Once you find the line with "Eating family meals" in the listing below, please repeat it and every later line exactly, through the last one, without pictures.

### Material provided:
************

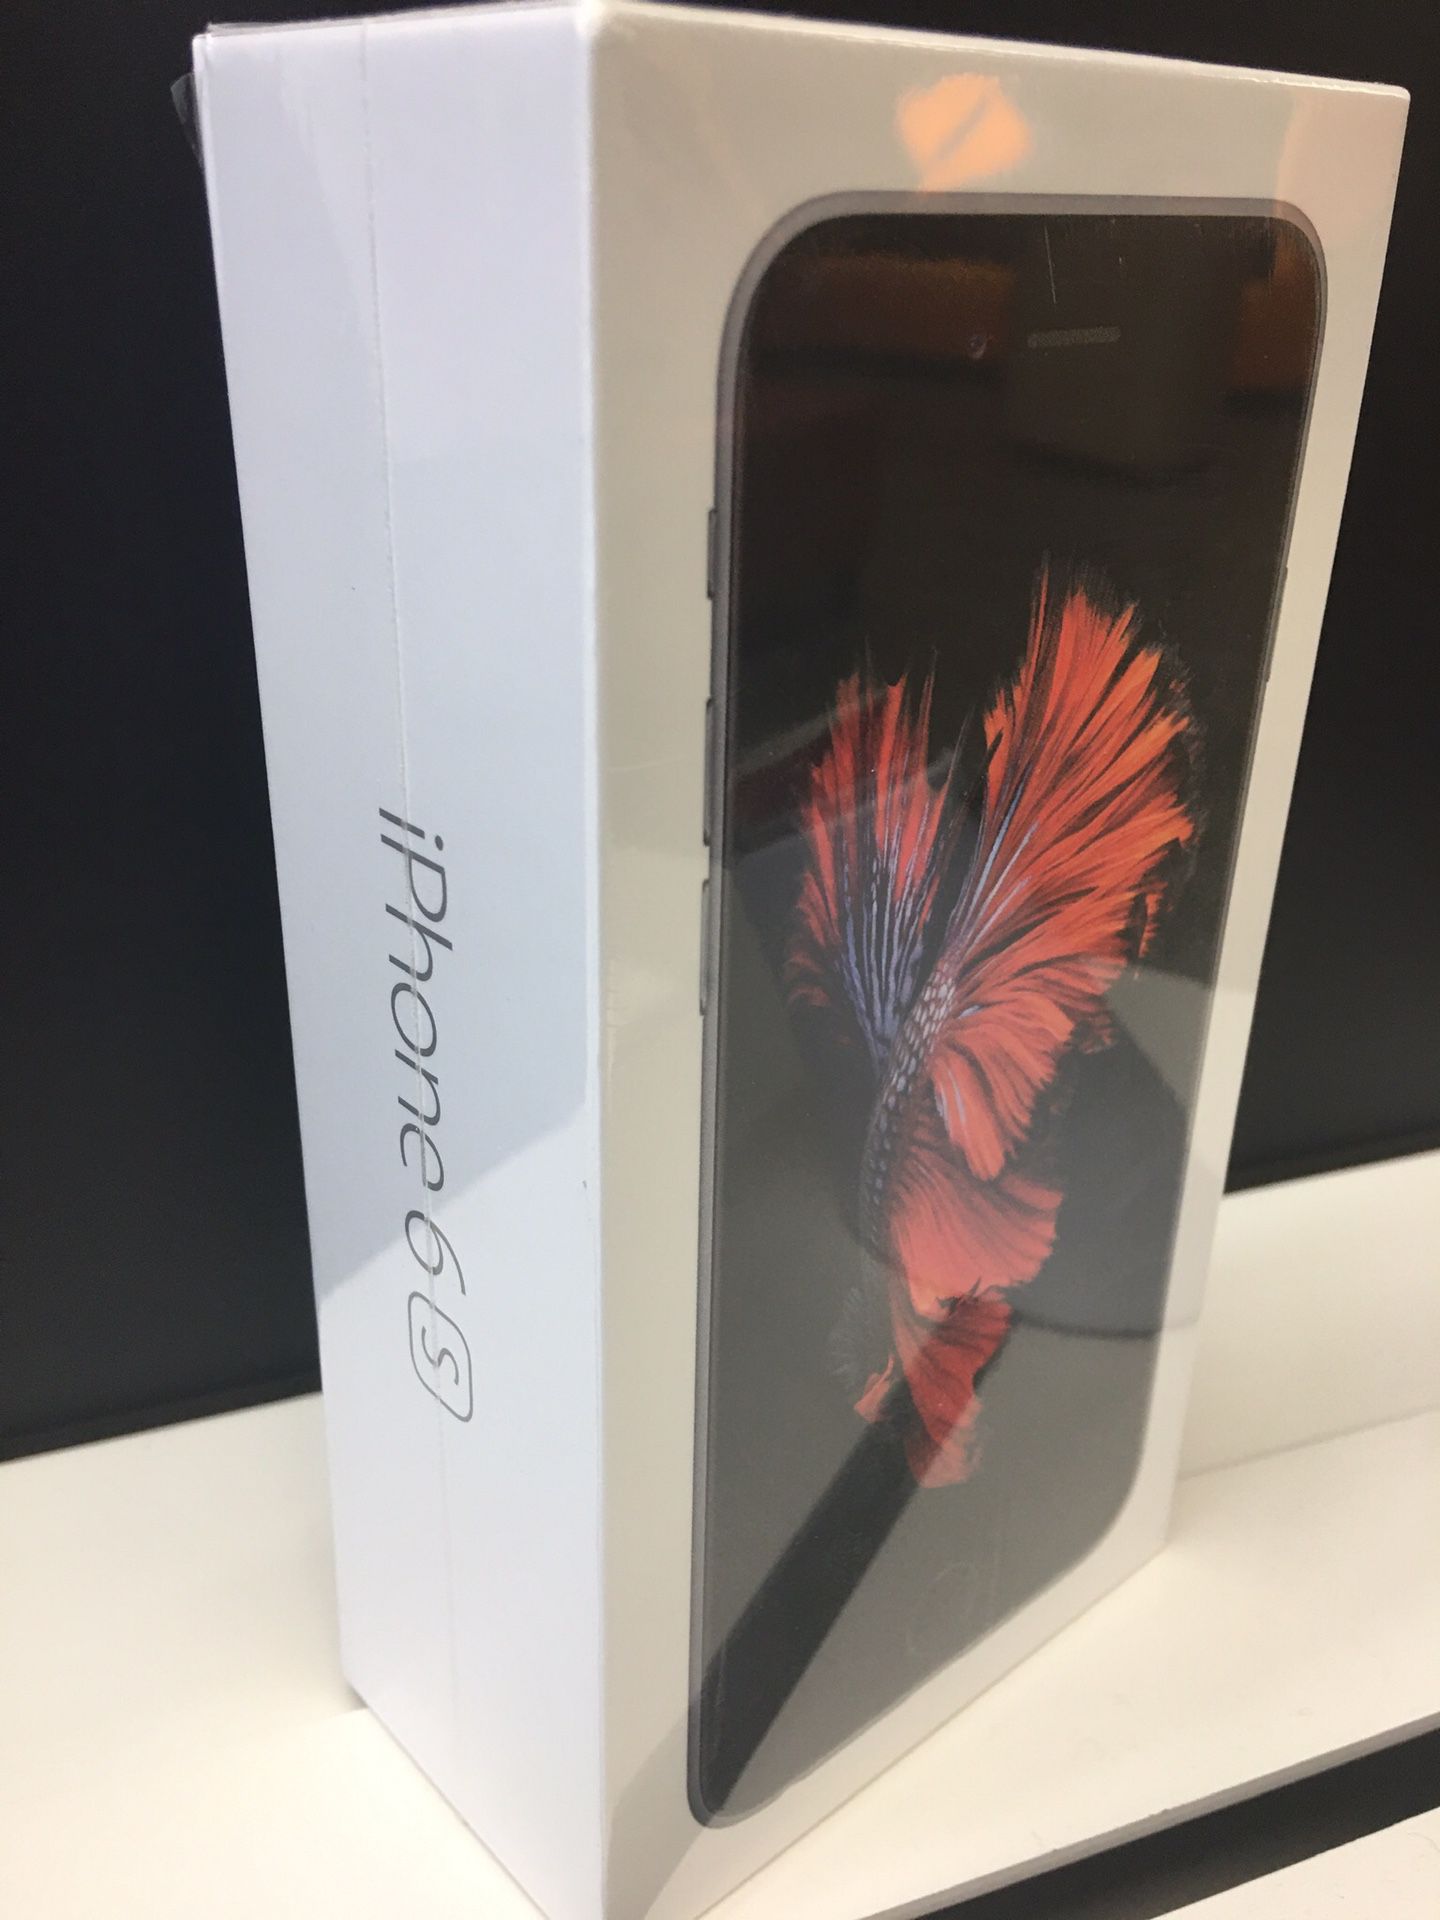 Iphone 6S 32GB for Boost Mobile
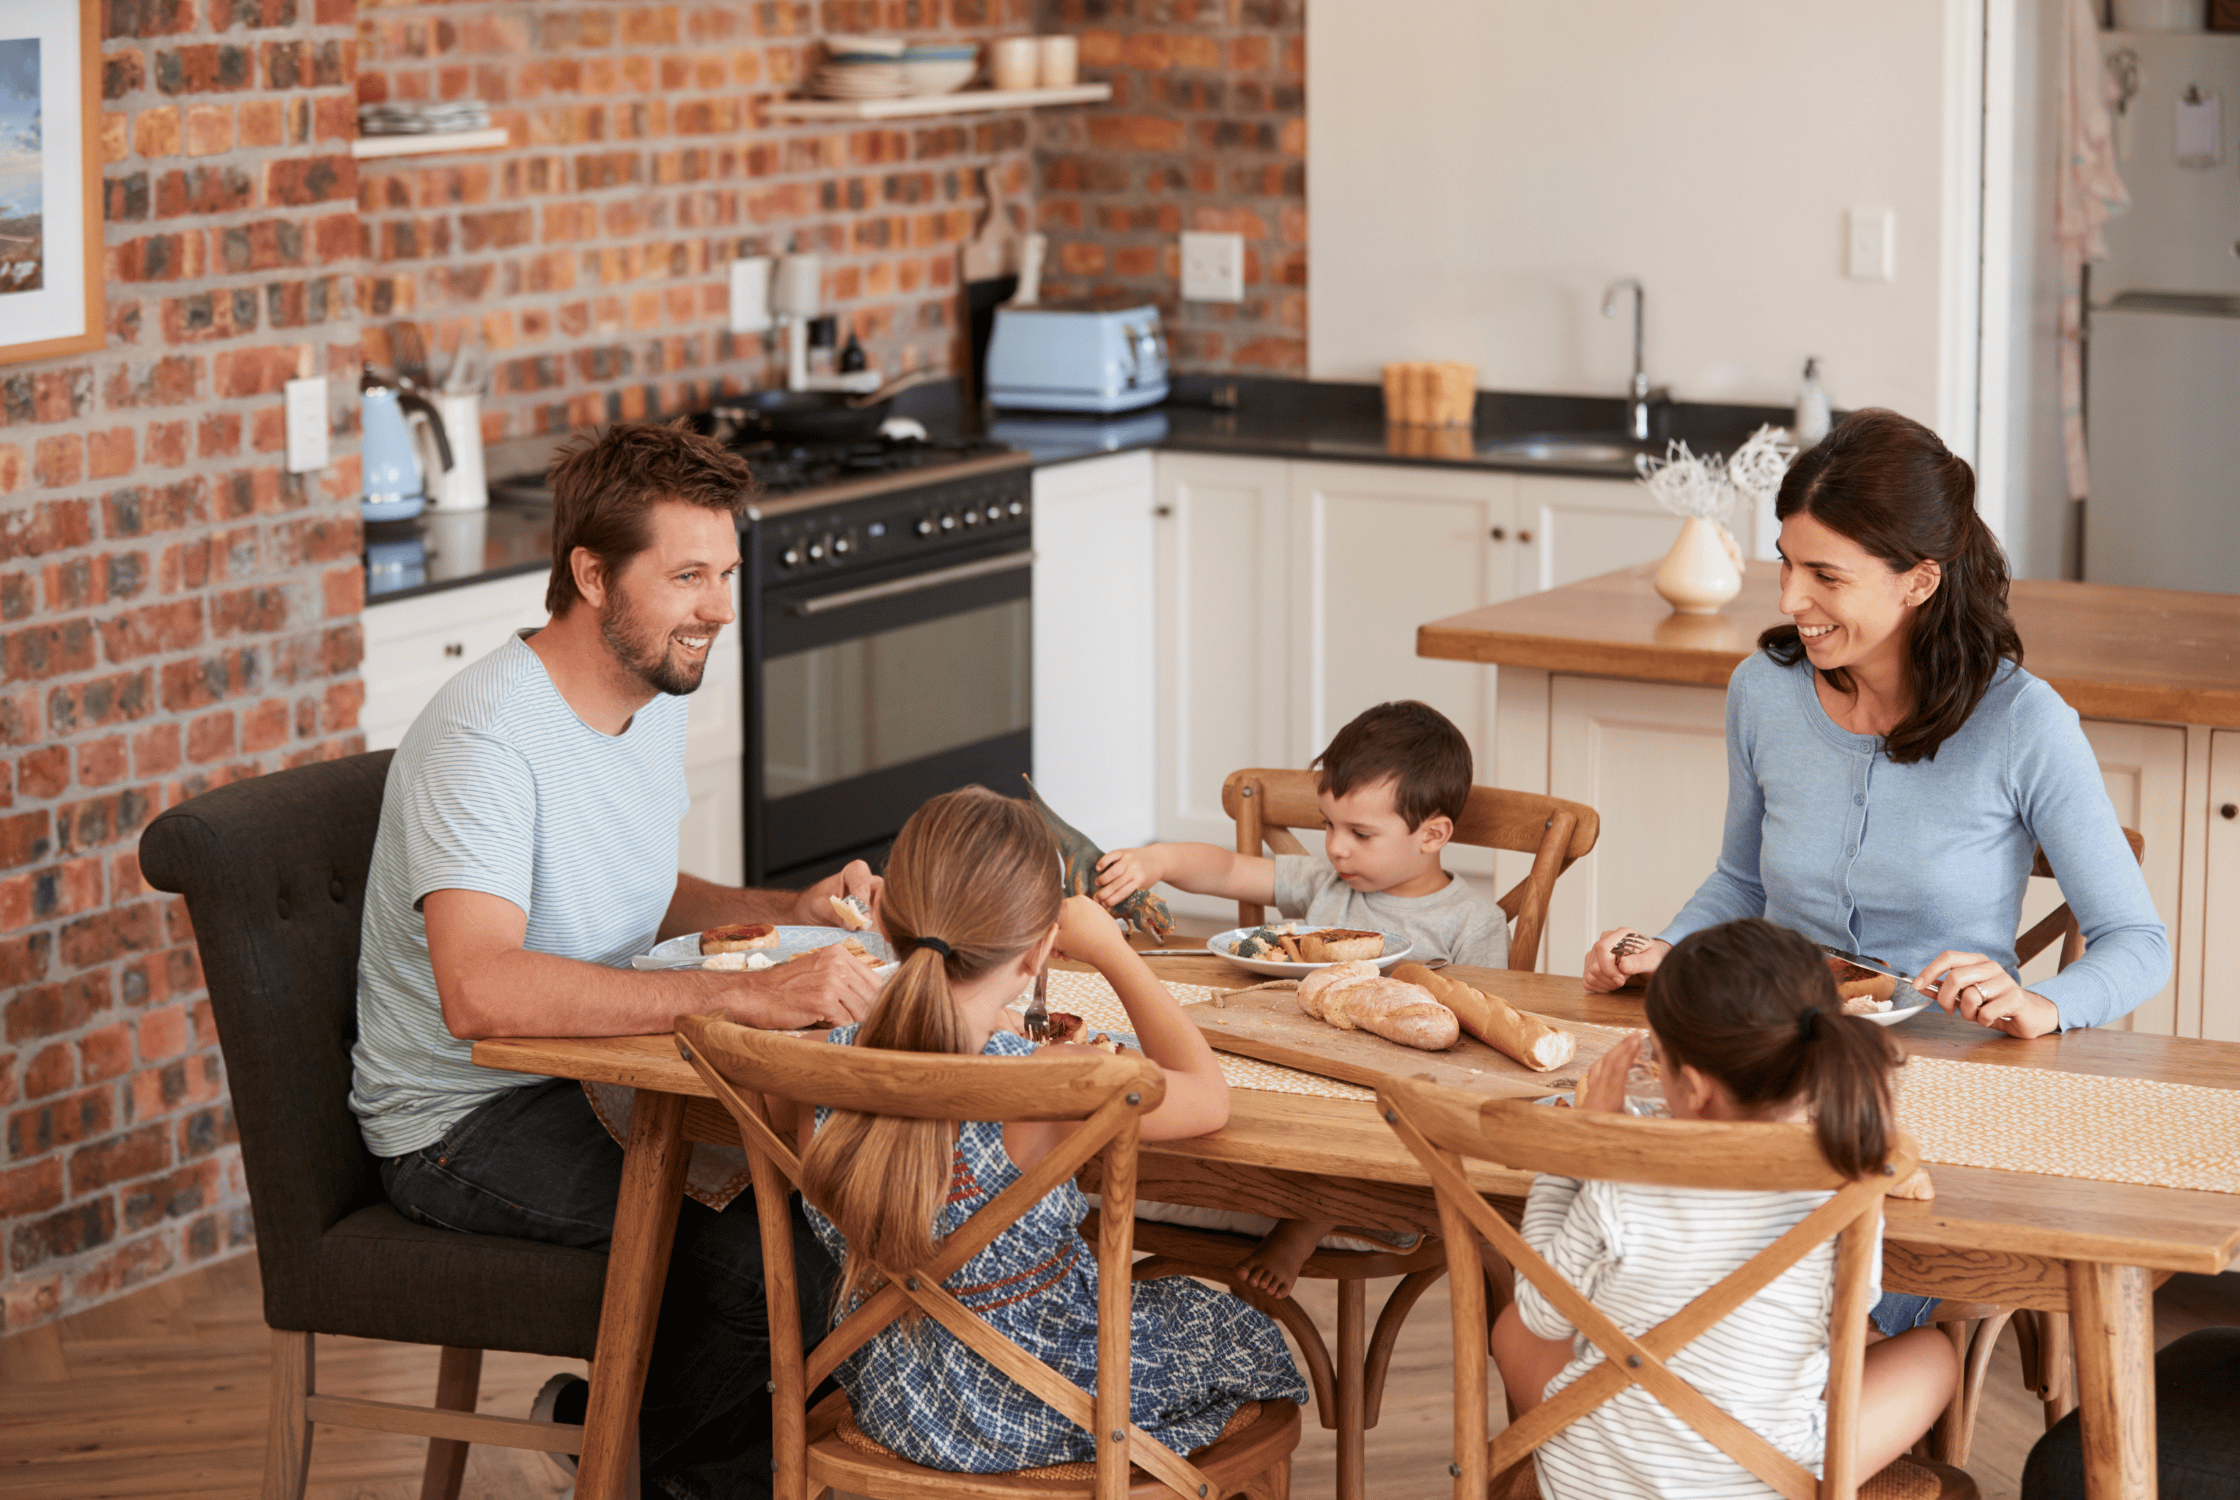 Eating family meals together with young children
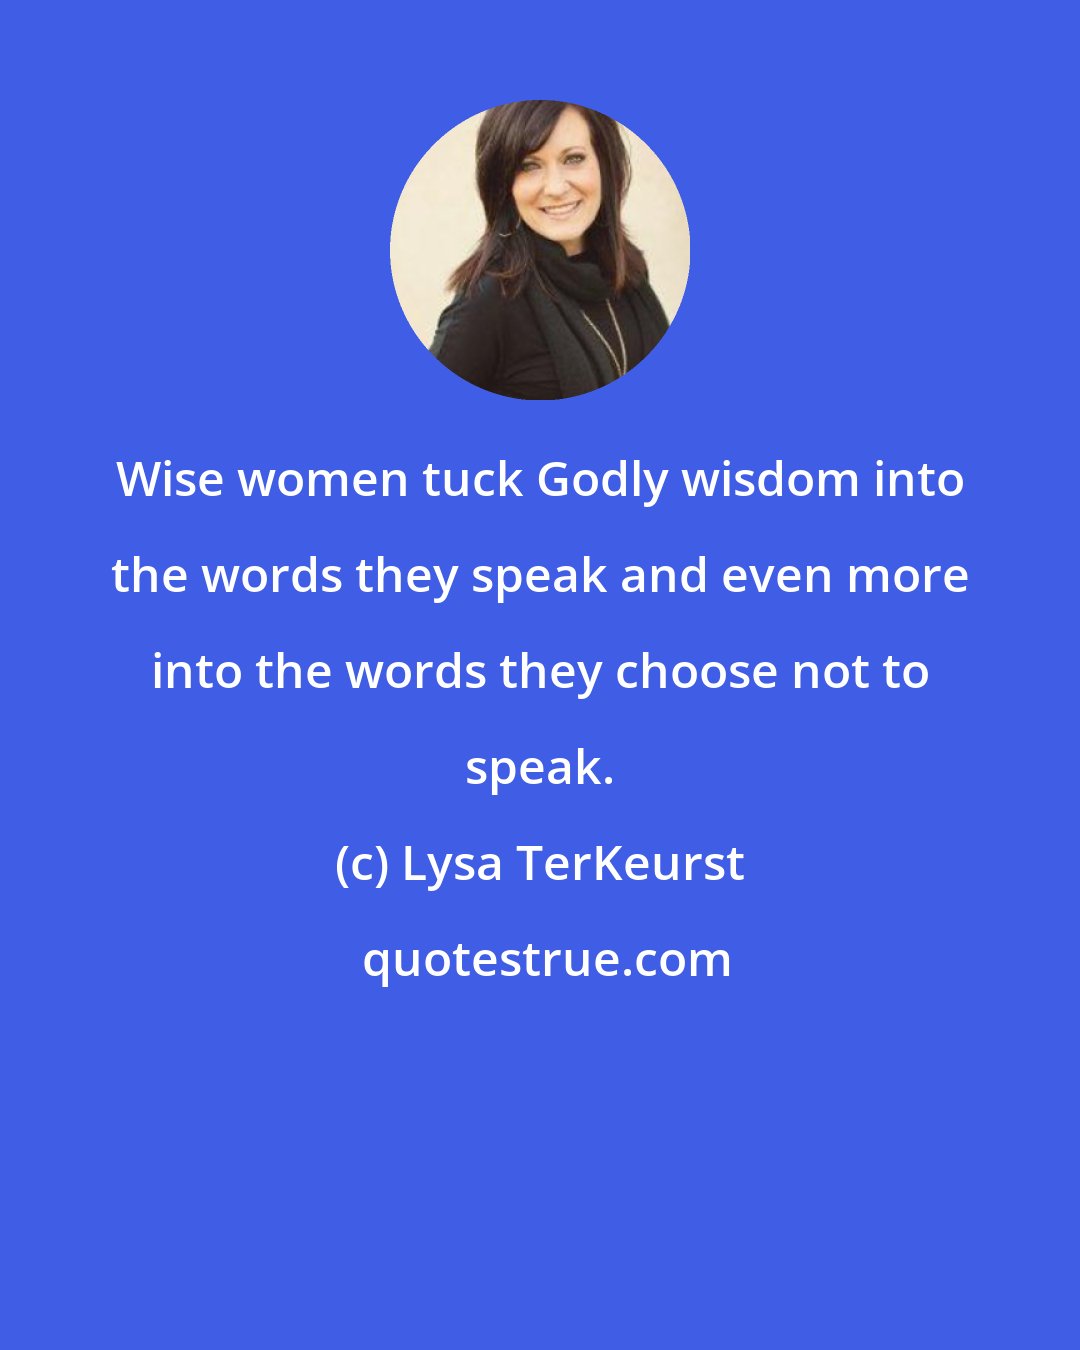 Lysa TerKeurst: Wise women tuck Godly wisdom into the words they speak and even more into the words they choose not to speak.

************

### Solved exercise:
 Eating family meals together with young children
 Lysa TerKeurst: Wise women tuck Godly wisdom into the words they speak and even more into the words they choose not to speak.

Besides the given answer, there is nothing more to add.